What the exercise asks
No line before the one holding "A small hut next to the Amazon River." is to be copied; that line and all after it, through the end of the listing, are returned exactly, minus pictures.

Source data
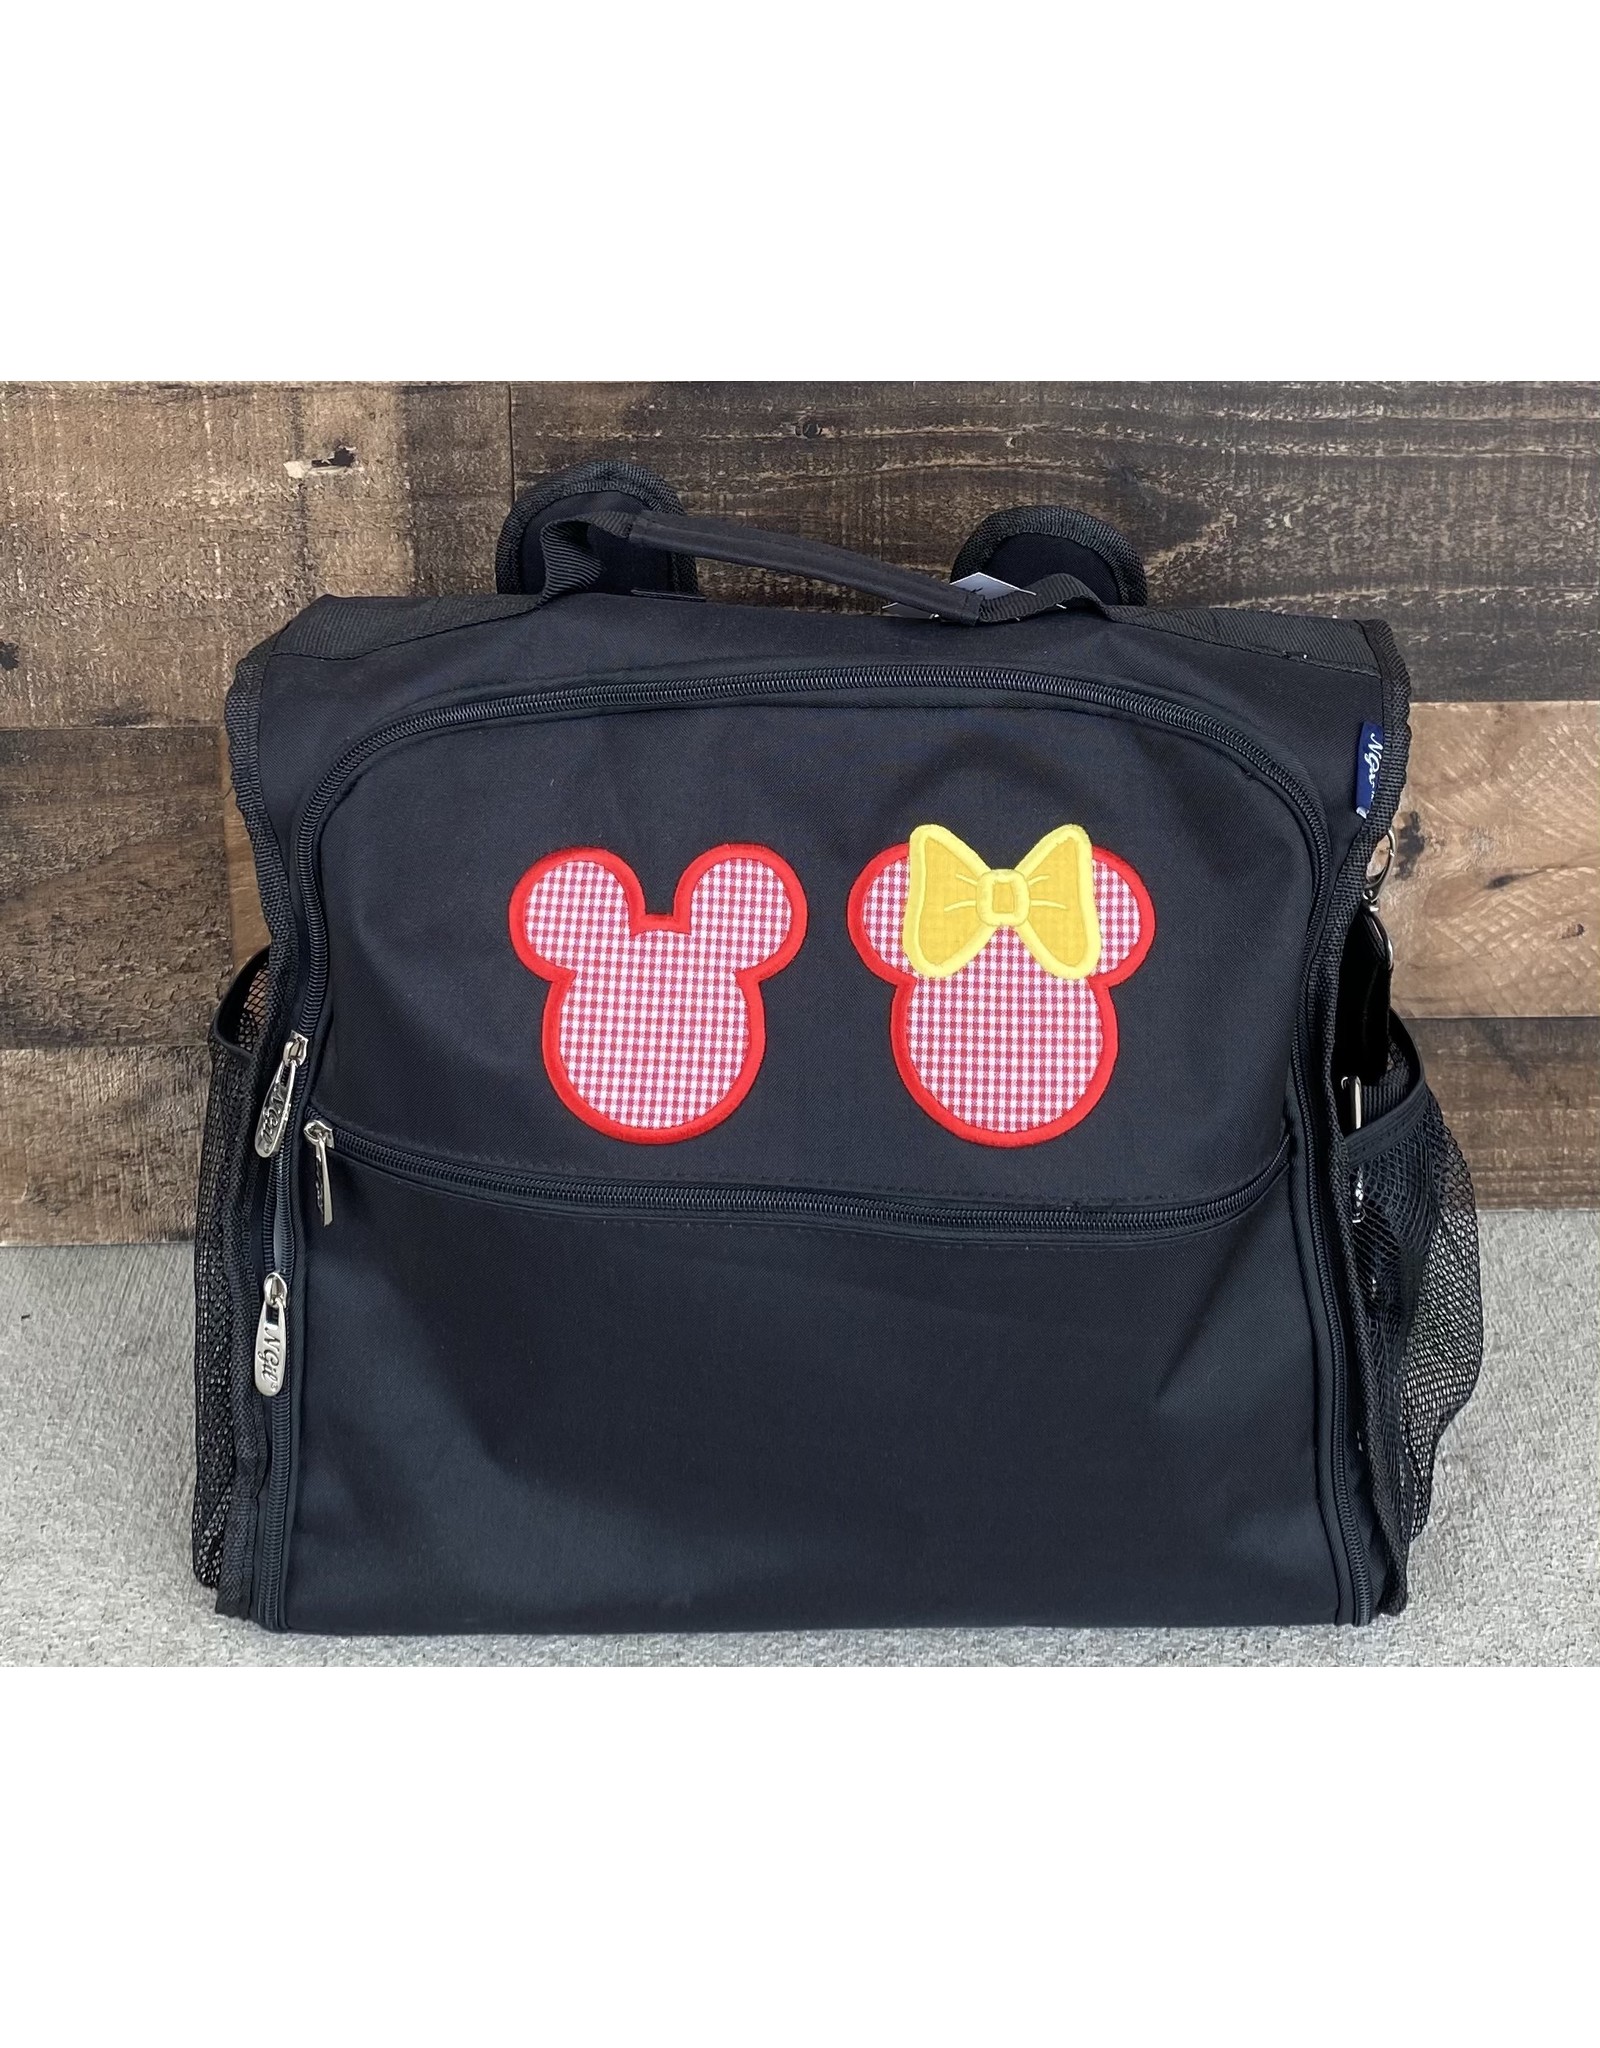 Mickey & Minnie Mouse Applique Diaper/Utility Backpack
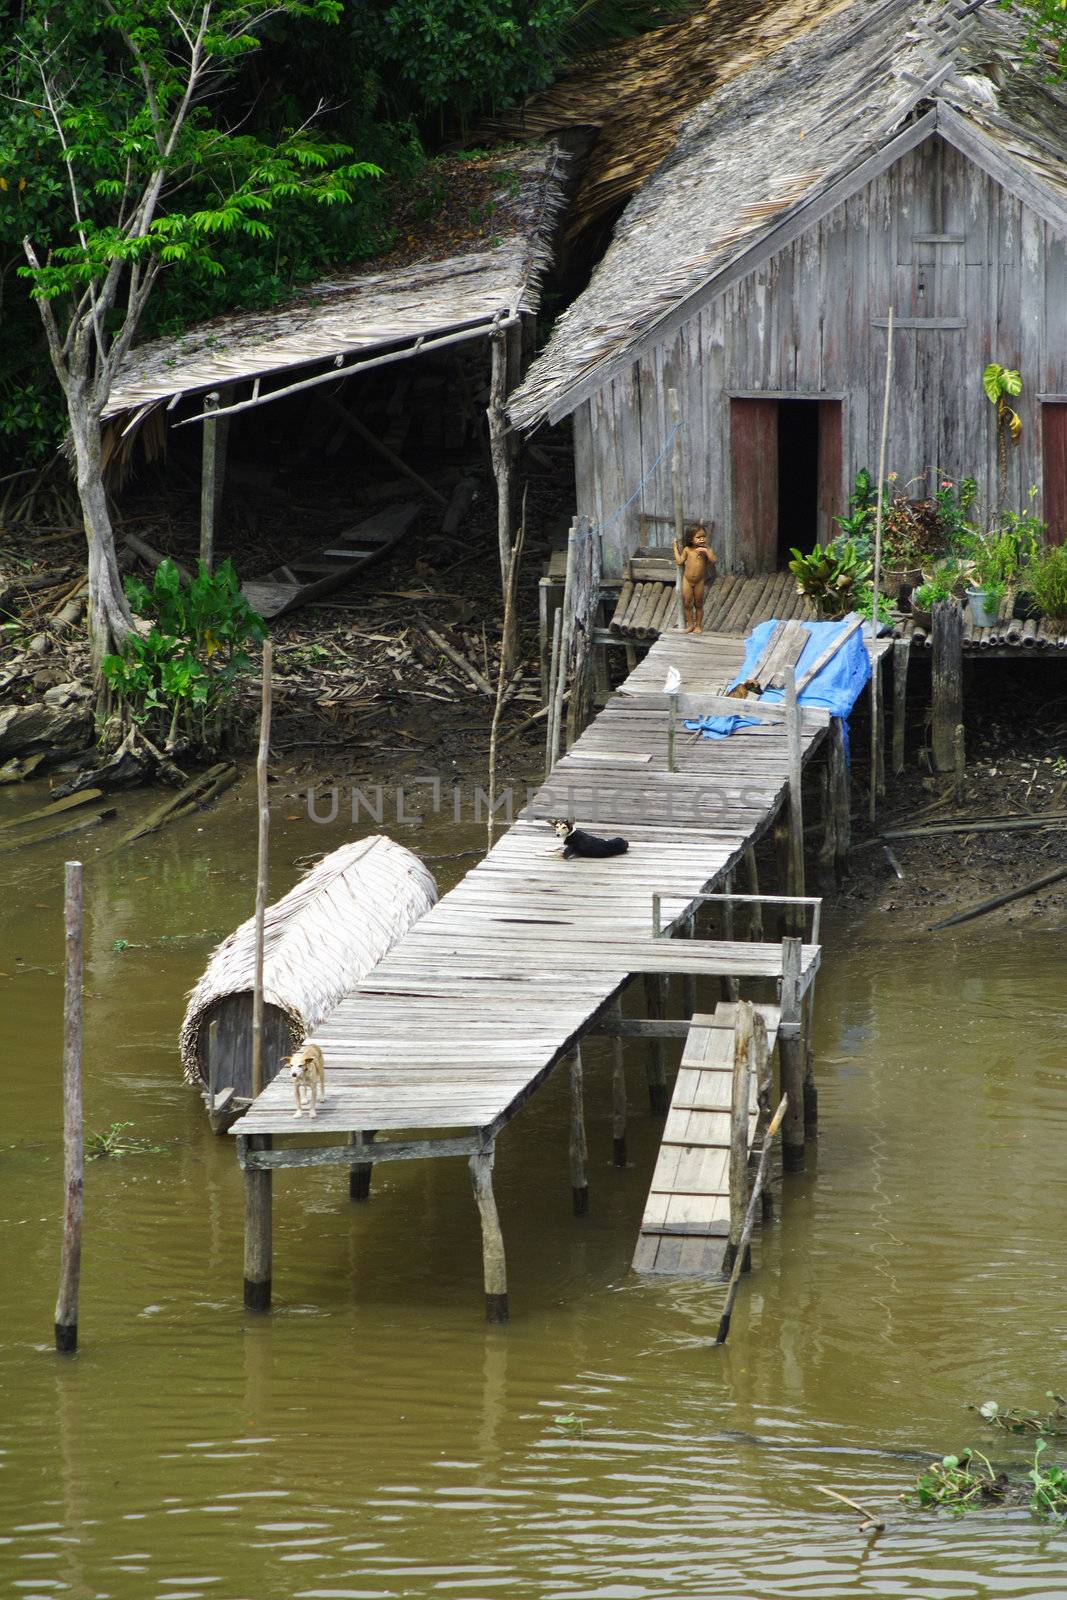 A small hut next to the Amazon River.
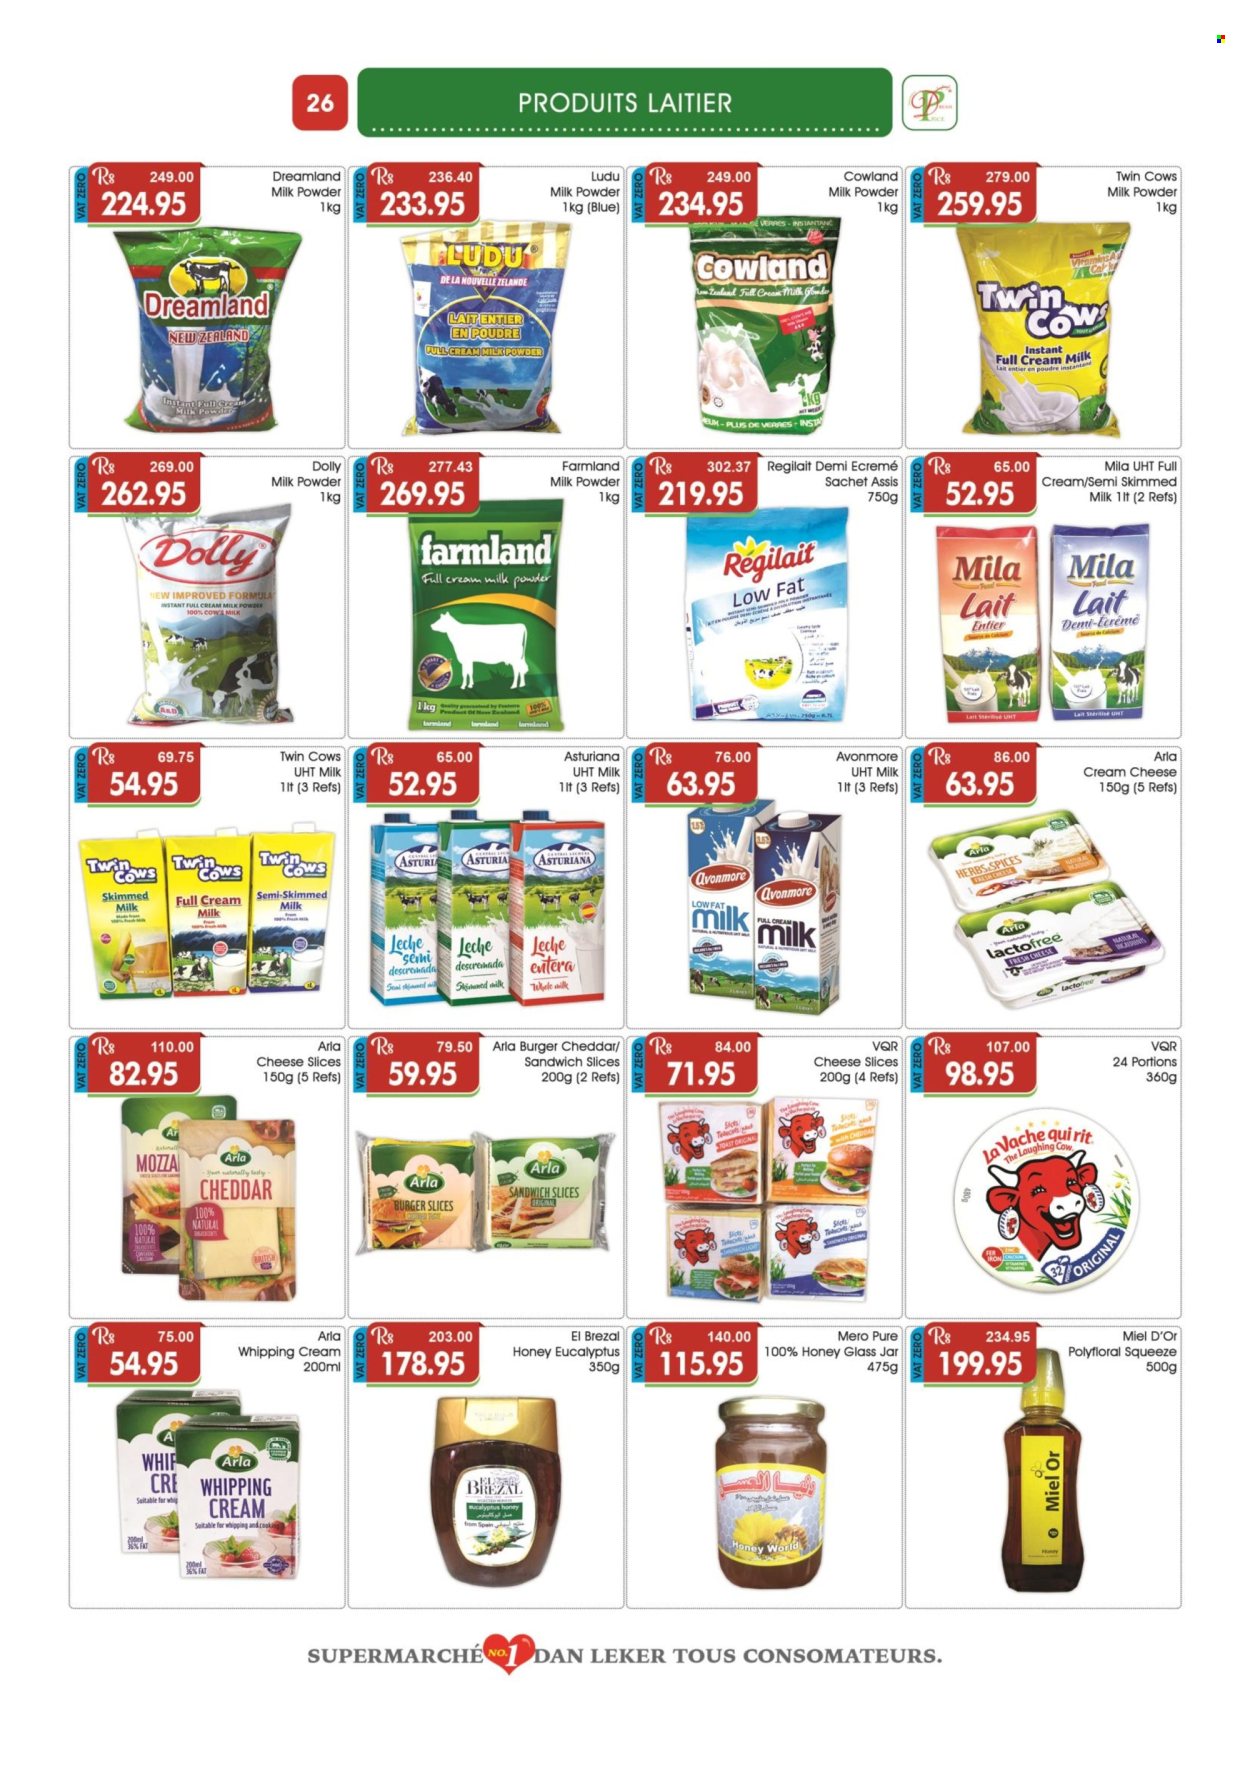 thumbnail - Dreamprice Catalogue - 15.10.2022 - 13.11.2022 - Sales products - sandwich, cream cheese, sandwich slices, sliced cheese, cheddar, cheese, The Laughing Cow, Arla, milk powder, whipping cream, herbs, honey, jar. Page 26.
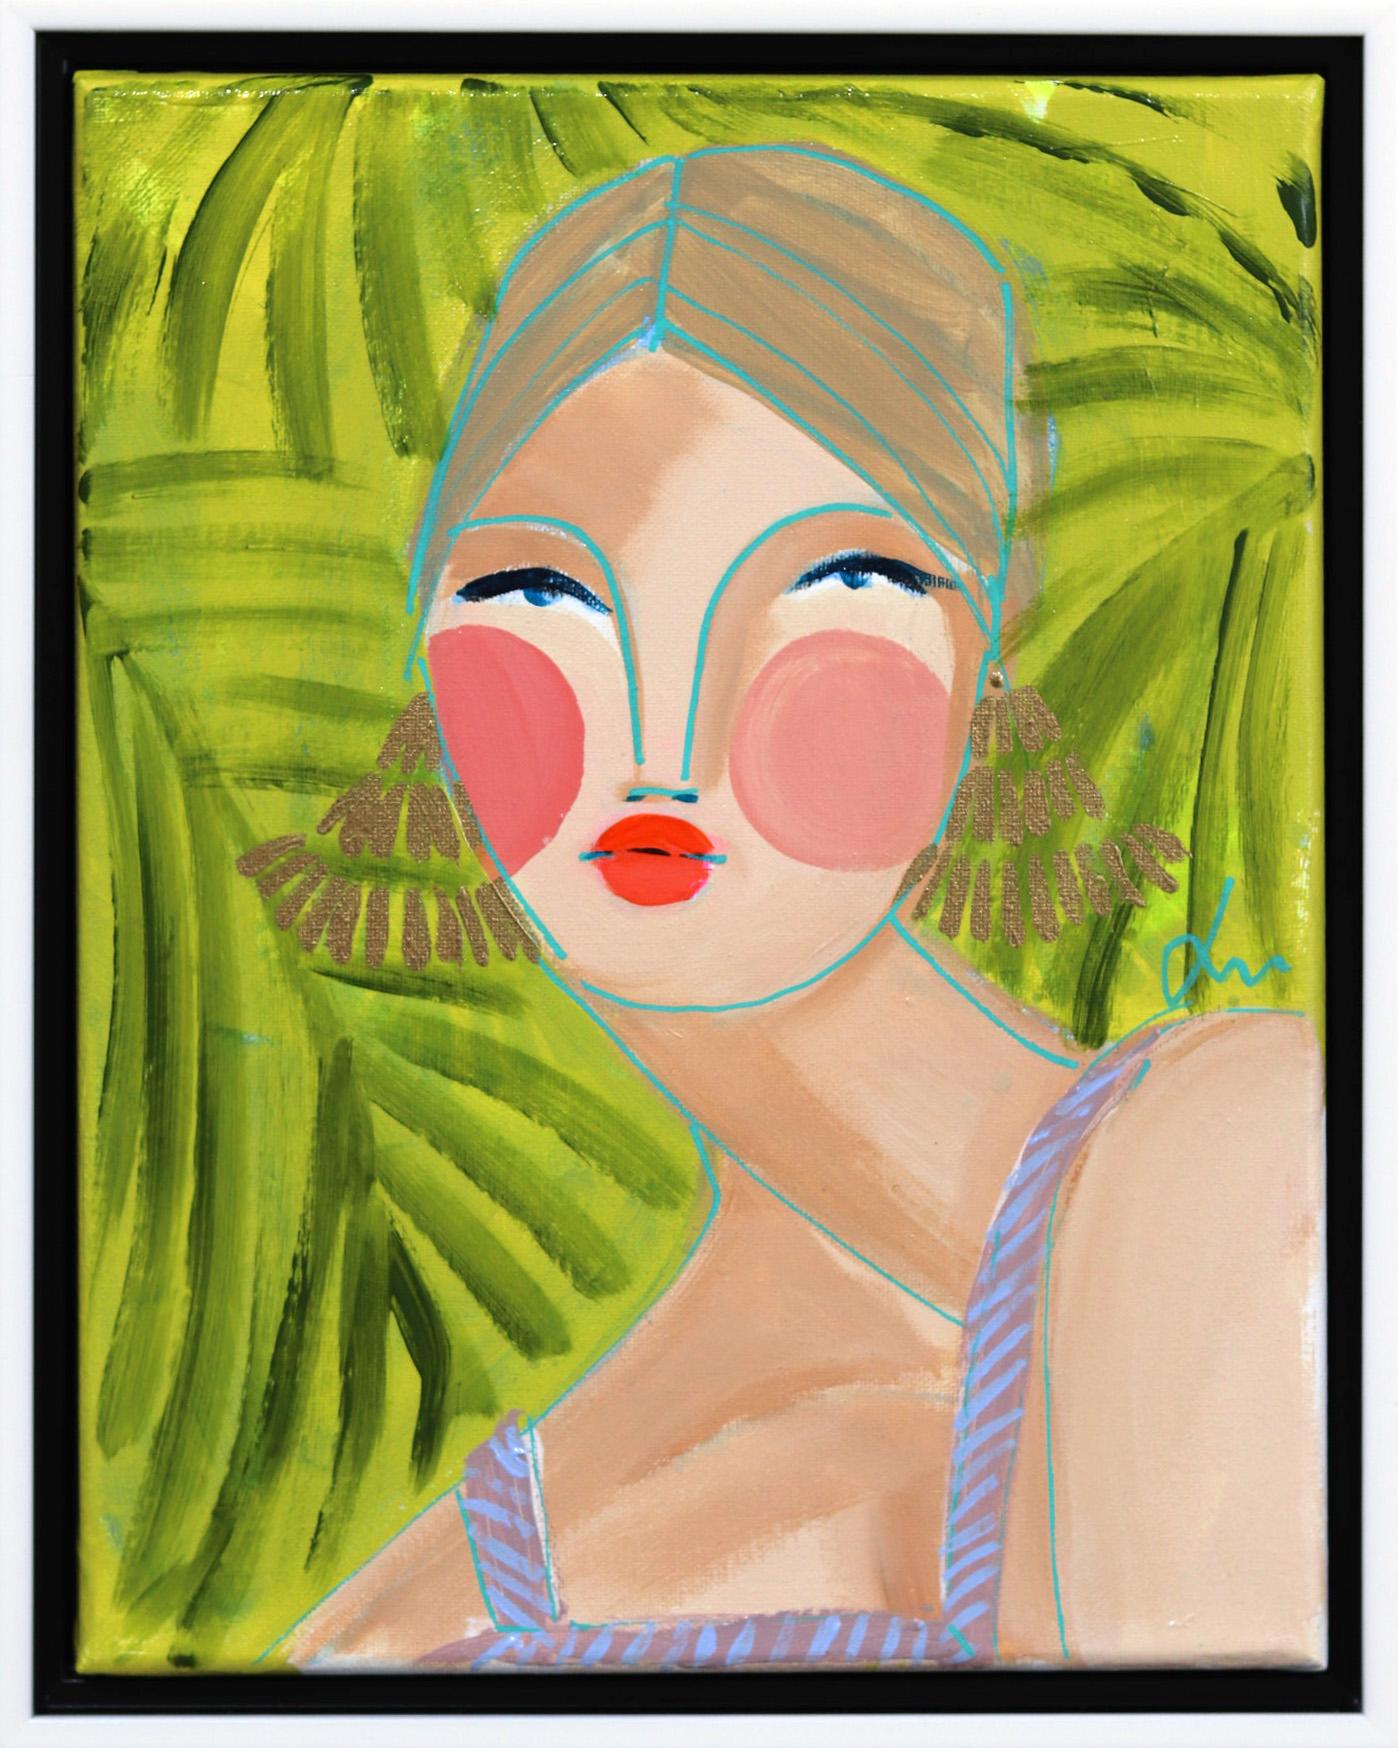 Lindsey McCord Portrait Painting - Miss Priss Palms 1 - Colorful Abstract Figurative Portrait Original Painting

Response to this task
 A small hut next to the Amazon River.
 thumbnail - Dreamprice Catalogue - 15.10.2022 - 13.11.2022 - Sales products - sandwich, cream cheese, sandwich slices, sliced cheese, cheddar, cheese, The Laughing Cow, Arla, milk powder, whipping cream, herbs, honey, jar. Page 26.
 Lindsey McCord Portrait Painting - Miss Priss Palms 1 - Colorful Abstract Figurative Portrait Original Painting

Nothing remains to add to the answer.